Summary
- OpenAI is contemplating significant reductions in token prices, anticipating similar actions from Anthropic.
- This decision comes as both firms prepare for their respective IPOs.
- Open-source inference providers are already offering services at a fraction of the cost of closed models, presenting corporate clients with alternatives before any potential price war starts.
OpenAI is exploring the possibility of lowering the prices it charges developers and businesses, as reported by the Wall Street Journal, in response to expected cuts from Anthropic. Conversations regarding this strategy are still evolving, especially since both companies filed confidentially for IPOs this month and have yet to achieve profitability.
Sam Altman stated at a recent event, "I think we'll have a lot of ways we can help people get more value for less spend," according to the Wall Street Journal. This remark comes as OpenAI reported a -122% adjusted operating margin in the first quarter of 2026, indicating a loss of $1.22 for every dollar earned.
The competitive pressure is evident. As highlighted by Decrypt, ChatGPT's share of global generative AI web traffic declined from 77.6% in May 2025 to 53.7% by April 2026. For the first time, a greater number of companies tracked by the Ramp AI Index are opting to pay for Anthropic's services rather than those of OpenAI. Anthropic's annualized run rate surged from $9 billion at the end of 2025 to $47 billion by May 2026, marking a 422% increase in just five months, largely attributed to Claude Code, with Q2 2026 being its first profitable quarter.
OpenAI has prioritized its own coding tool, Codex, but is currently in a position of catching up.
Both firms are engaged in a fierce competition to attract as many clients as possible in what some consider the largest technological surge since the dot-com bubble. A wide range of companies is now eager to incorporate AI technologies. Uber's CTO reported exhausting its entire 2026 AI budget by April, and some employees at JP Morgan are spending more on AI than their own salaries, as noted by the bank's chief data officer for its payments sector.
This phenomenon has been termed "tokenmaxxing" in Silicon Valley, referring to the practice of rapidly consuming AI tokens—data processed by AI models—often without a clear return on investment. At AIPCon last week, Palantir CEO Alex Karp likened it to an addiction. JP Morgan analysts recently published a note titled "AI Bills Are Out of Control." The companies most vulnerable to the consequences of this trend are now contemplating a price war.

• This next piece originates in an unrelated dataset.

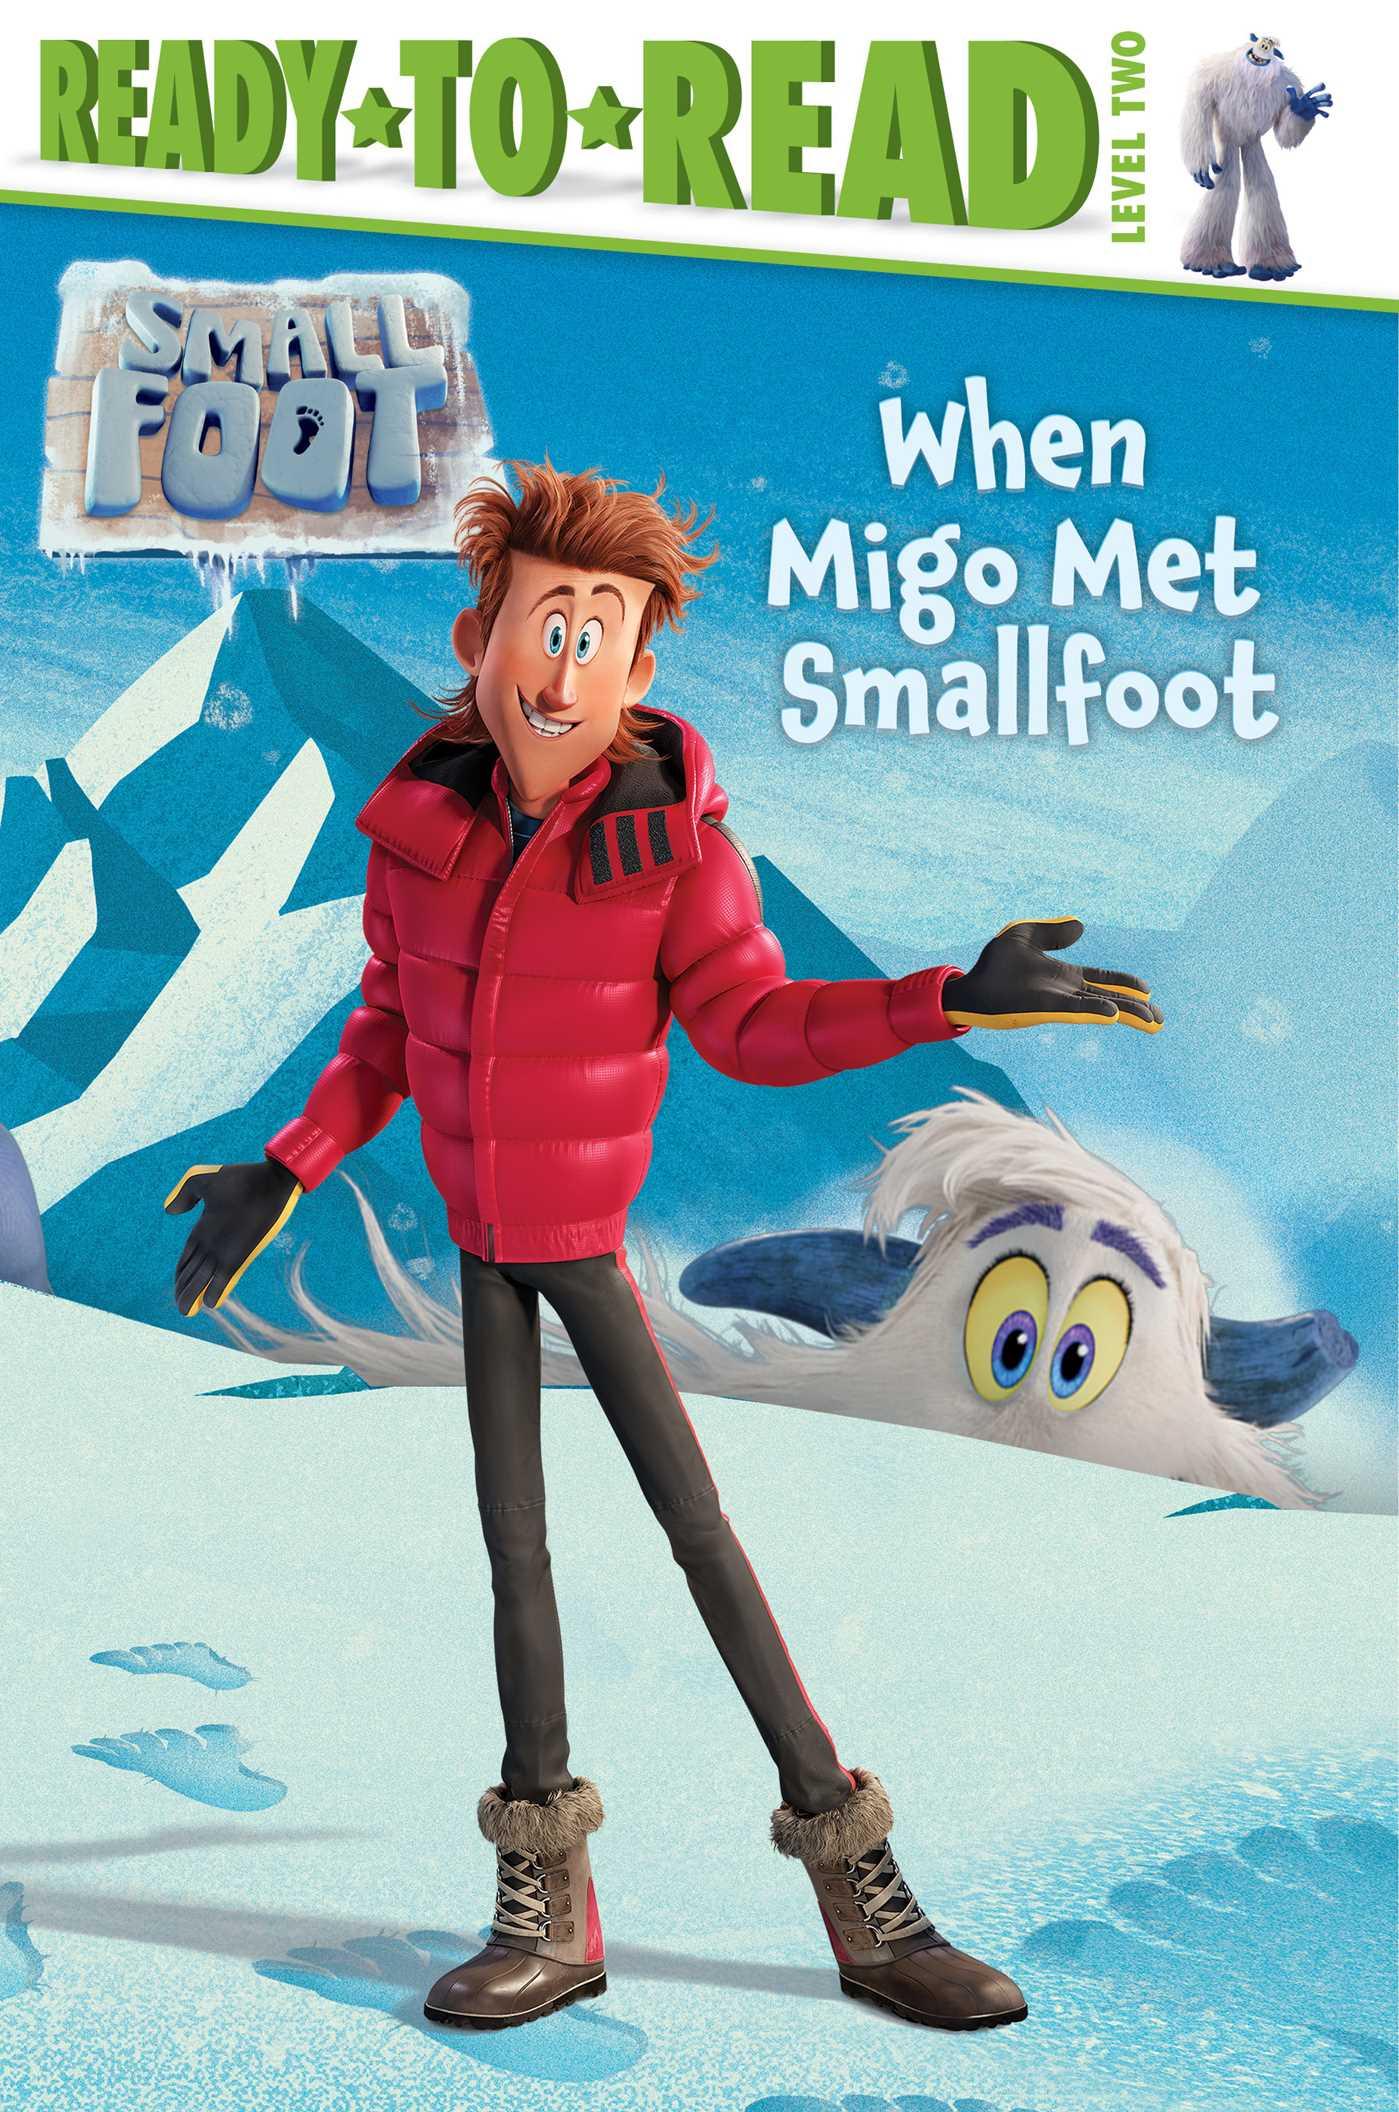 When migo met smallfoot 9781534431720 hr

Tommy Shaughnessy from Delphi Ventures discussed the inherent structural issues in a popular X post this week: the $20/month flat fee was always below the actual costs of heavy usage—a strategy intended to promote adoption rather than cover computational expenses. Once a legitimate business requires AI at scale, it transitions to the API model, incurring costs per token while consuming significantly more computing resources.
Not everyone concurs with this perspective. Some argue that the AI oligopoly in the Western world allows firms to impose increasingly high fees for processing requests, while Chinese models are priced much lower as evidence of this dynamic. If this holds true, substantial price reductions could still be feasible without compromising financial stability.
Hot take: They're not subsidized; their margins are excessive. They are just absolutely exploiting API customers. Anyone who has used DeepSeek or hosted anything and calculated the hardware/power costs knows this https://t.co/XQ477Qw3Vv
— Roy (@usr_bin_roygbiv) June 11, 2026
Real enterprise applications are shifting towards metered API pricing, with companies consuming credits at a much faster rate than the flat fees suggested. Meanwhile, open-source inference providers—entities that offer computational power for AI models—are rapidly expanding, driven by agentic tools. These platforms support leading Chinese AI models such as DeepSeek, GLM, MiMo, Kimi, or Minimax, which compete with Claude Opus on coding tasks, at approximately one-thirteenth the price of closed alternatives.
Shaughnessy noted, "Chinese labs open-source frontier-grade models." He added, "The model represents the largest expense for an inference provider, and they acquire it for free." As long as this trend continues, the baseline for intelligence pricing continues to decline, making margin recovery at OpenAI or Anthropic a complex problem without a straightforward resolution.
This entire scenario would change only if China shifted to a closed-source model, Shaughnessy pointed out, which would be favorable for U.S. labs.
Currently, most of China's AI labs seem committed to the opposite strategy.